Sequel: Holding On

Bat Country

Chapter Twenty Three

Just after the cigarette pack I took with me was finished I went back home. I didn't want to go back there, I didn't want to live there, but I needed something to calm me down and so far cigarettes proved themselves as the most helpful.

It was so late right now; the streets were sleeping and dead. I could still taste the blood in my mouth and knew my eyeteeth are covered in blood.

The way home was silence, I walked slowly, not wanting to get home. Walking these empty streets was like seeing how my life is going to be now without her. I started to think; maybe I made the wrong decision? Maybe I should just go to Jimmy's house and make things right… But damn, I hate knowing that the right thing to do was breaking up with her. It kills me to know that I could just never change that.

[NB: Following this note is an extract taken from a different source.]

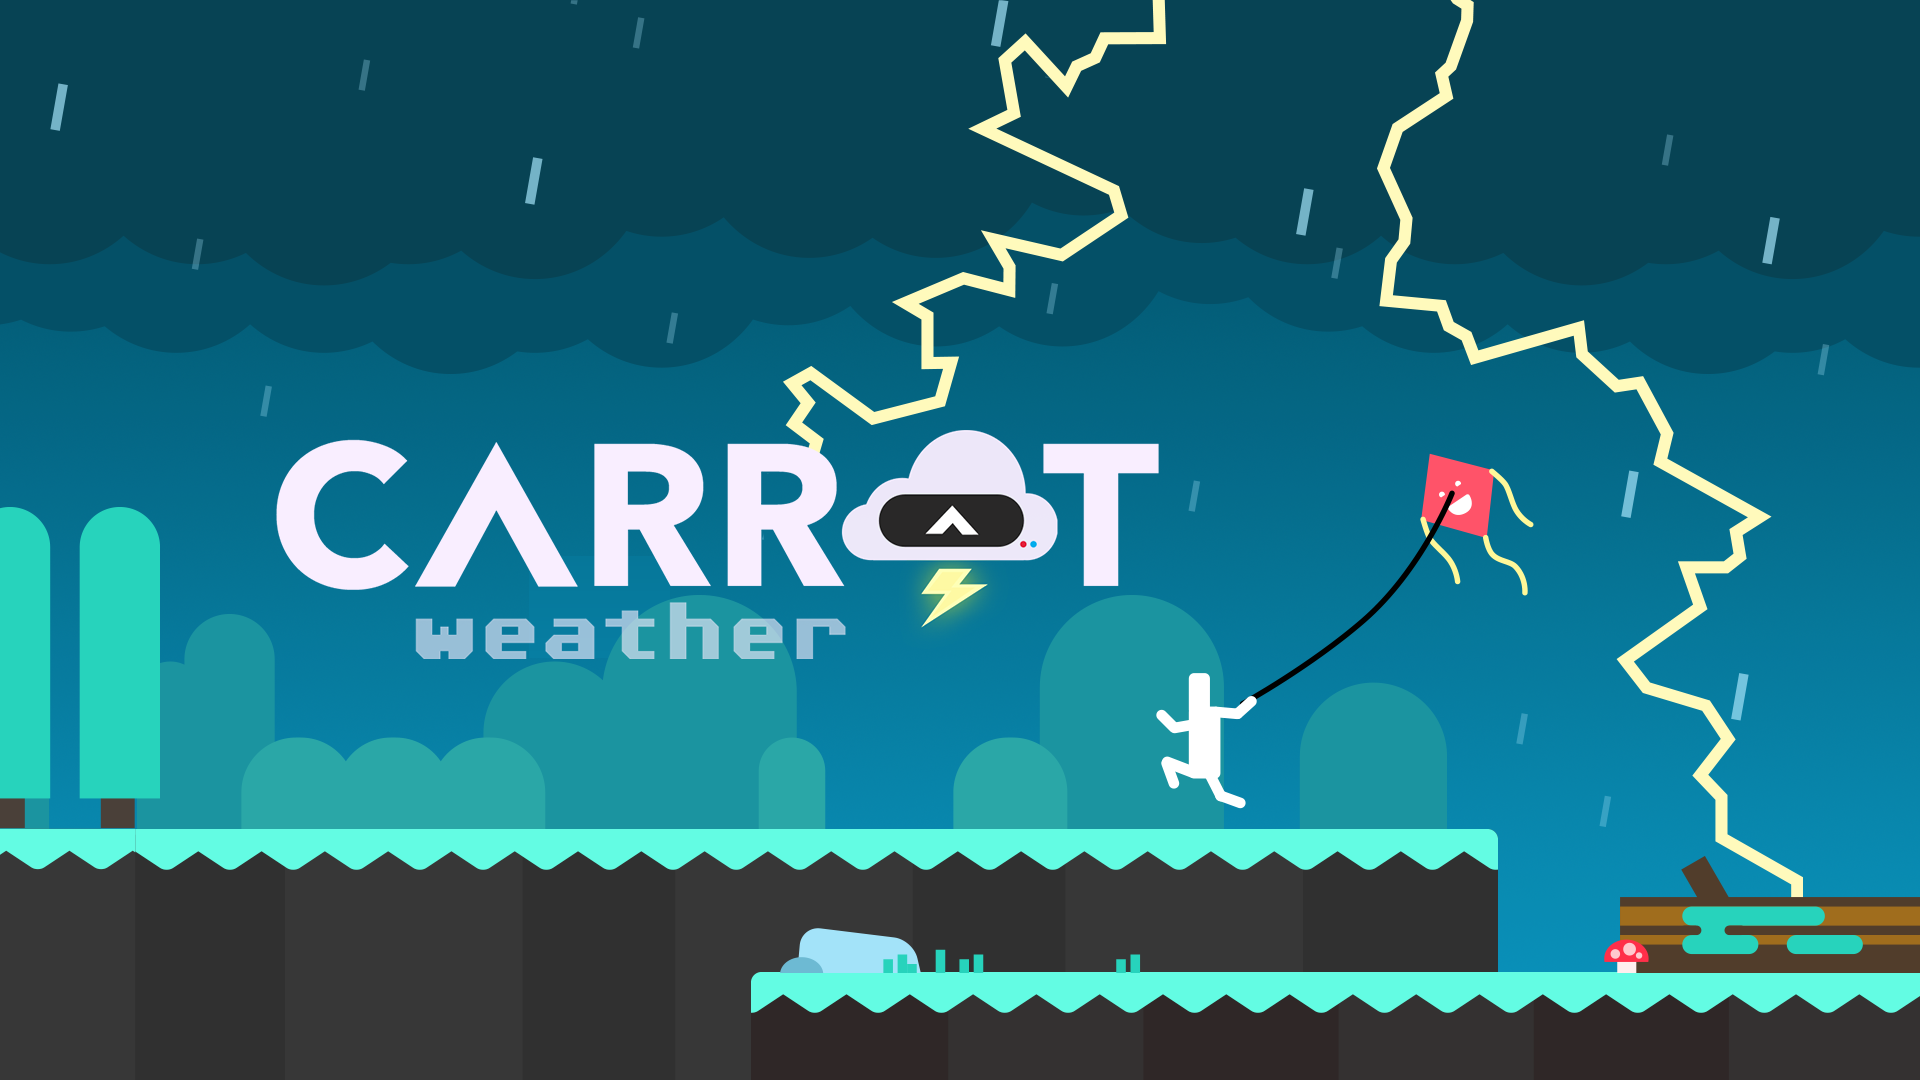 CARROT5 pogodynka z poczuciem humory ARKit iOS 11

When I got home I didn't notice the car that was parking there, I slowly opened the door and wished so see Val in there. But she wasn't, and she never will be. Never again. Some tears were finding their way to my eyes once again; I didn't even try to stop them, what's the point?

I started going over the stairs to the bathroom so I could wash my teeth, but then again I realized there is no point. I'm alone. Instead, I grabbed a pack of cigarette from the table and collapsed on the couch. I lit it up and started smoking, taking the smoke deep to my lungs and then slowly breathing it out.

The living room was filled in my cigarette smell and smoke. I was lying with my eyes closed on the couch, smoking and crying, trying to understand how in one month my life became a complete mess. Nothing made any sense anymore.

All of the sudden I heard footsteps in the house; I jumped on my feet and without any thinking I shouted Val's name. I looked around but saw no one. I sighed and sat back on the couch. It was just my imagination. Damn, was I really that desperate? Did I need her that much?

Then again, I heard footsteps. "Would you quit it?" I told myself and closed my eyes annoyed, trying to get my brain so stop tricking me.

"Quit what?" I heard a voice asking; I opened my eyes confused and looked around. My eyes found Jimmy going down the stairs with a smile on his face; Brian, Zacky and Johnny followed him.

"What...the fuck are you guys doing here?" I asked confused, putting out my cigarette. Jimmy walked over to me and gave me a hug; the rest just sat on the couches and made themselves comfortable. "We're sorry man" he said after he let go of me and sat on the couch next to Brian. I sat on the table looking at him. "We were out ya know, and Leana called me and told me to come home so we all went there and Val…she was there and she told me and Lea everything and we thought it would be the best to…you know come and check on you, also leave her with the girls and stuff." He explained. I sighed; I didn't want to talk to anyone right now. No one could ever understand what I feel and what I'm going through.

"Thanks for thinking of me but I'd really rather just…to be alone now" I said. Jimmy and Brian exchanged looks. "Well…" Brian started saying and seemed as he thinks what exactly he should say. "We're not here just for that" he said. Johnny and Zacky looked at Brian confused as if they had no idea what he is talking about. Johnny was about to say something when Jimmy glared at him, shutting him up. Something is going on.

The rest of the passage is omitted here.